Biographie 
Fille d’ambassadeur belge, Amélie Nothomb est née en 1967 dans la ville de Kobé au Japon où elle passera les cinq premières années de sa vie. Elle vivra dans plusieurs pays d’Asie et aux États-Unis avant de poursuivre des études en philologie romane à l’Université libre de Bruxelles. Autrice très prolifique, elle publie un roman par an et partage sa vie entre Bruxelles et Paris.
Elle commence à écrire dès l’adolescence et connait le succès en 1992 avec la publication de son premier roman, Hygiène de l’assassin. Sa consécration arrive en 1999 grâce à Stupeur et Tremblements, couronné par le Grand Prix de l’Académie française. Dans ses romans, des références mythologiques et philosophiques côtoient habilement humour, dialogues théâtraux et éléments fantastiques. Le parcours de ses parents l’a profondément influencée. Elle raconte la vie de son père, diplomate, à la première personne dans Premier sang (2021), et celle de sa mère, à la troisième personne dans Tant mieux (2025). Elle explique ce choix par le fait qu’elle ressemble davantage à son père, mais se sent proche de sa mère, malgré l’absence de ressemblance.
Ses œuvres, traduites dans de nombreuses langues, dont l’anglais, l’espagnol, le chinois, le japonais, le danois et l’esperanto, lui valent de nombreux prix littéraires prestigieux dont le Prix de Flore 2007 pour Ni d’Ève ni d’Adam, le Grand Prix Jean Giono pour l’ensemble de son œuvre en 2008, le Prix Renaudot en 2021 pour Premier sang et le Prix Jean-Monnet de littérature européenne en 2023 pour Le Livre des sœurs.
Morceaux choisis
Pourquoi j’ai choisi ce texte ? (PN - Janvier 2026)

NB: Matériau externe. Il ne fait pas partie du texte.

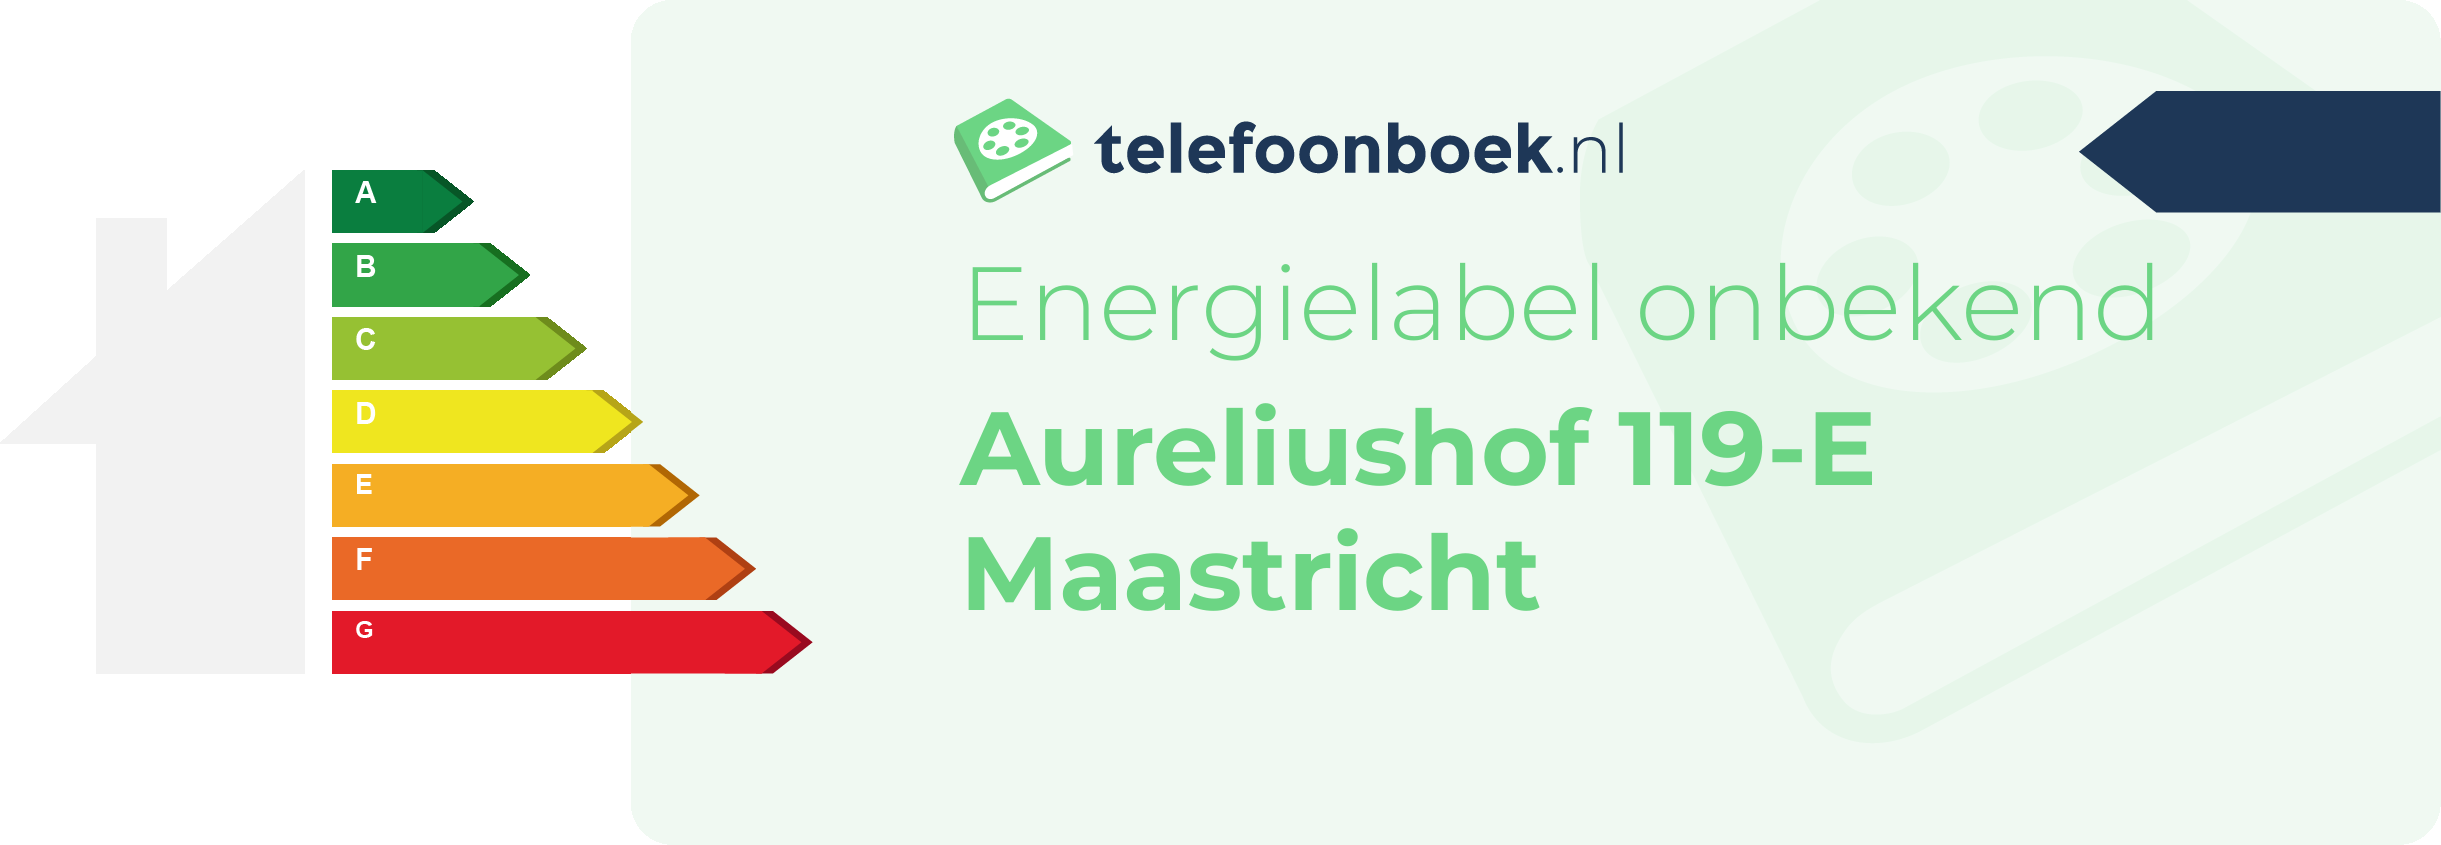 Energielabel Aureliushof 119-E Maastricht

Amélie Nothomb fait partie des écrivains qui ont contribué à l’essor de l’autofiction, nouveau genre littéraire caractérisé la narration d’un récit fictif à partir d’expériences vécues par l’auteur. Nous retrouvons l’autrice dans ce style où elle excelle avec Premier sang qui dresse une biographie romancée de son père Patrick Nothomb, de sa naissance à la prise d’otages de Stanleyville (aujourd’hui Kisangani) dans la République démocratique de Congo en 1964. Le récit mêle histoire familiale, contexte historique et évocation des mœurs de l’aristocratie belge évoluant au Pont d’Oye, en région wallonne, dans un bon vieux château du XVIIe siècle, propriété du baron et poète, Pierre Nothomb, l’arrière-grand-père de l’autrice.
Amélie Nothomb va également explorer l’enfance à travers les relations familiales avec un enfant qui va apprendre à s’endurcir auprès de ses grands-parents. Son père, qui a eu un vécu très dense, deviendra une véritable source d’inspiration pour elle. Lorsqu’elle parle de la transmission d’une génération à une autre, on ressent l’hommage sincère que l’autrice fait à son père comme le montre l'extrait suivant.
« À Vingt-trois heures trente, Danièle accoucha d’un garçon. C’était l’époque où le père n’était pas invité à assister à la délivrance, m’évitant de m’évanouir. Je ne fus appelé que quand l’enfant fut nettoyé de toute trace de sang.
Mon fils s’appela André, comme mon père. Celui qui me transforma en père ne pouvait porter que le prénom de mon père. Quand je le pris dans mes bras, je ressentis un amour si grand que je ne trouvai aucun mot.
André fut un bébé fragile et inquiet. Il tombait facilement malade. Pierre Nothomb, avec qui je m’étais réconcilié, se déplaça à Bruxelles pour rencontrer son premier arrière-petit-enfant. Il récita des vers qu’il venait de composer et le bébé eut l’air de l’écouter avec émotion.
Je savais que notre André serait un poète, déclara l’aïeul. »
Premier sang est un ouvrage écrit dans un style fluide et sans fioritures. Il peut se lire d’un seul trait au gré des péripéties de Patrick, un personnage particulièrement attachant.
Sources
Amélie Nothomb, Premier sang, © Éditions Albin Michel, 2021, 170 p.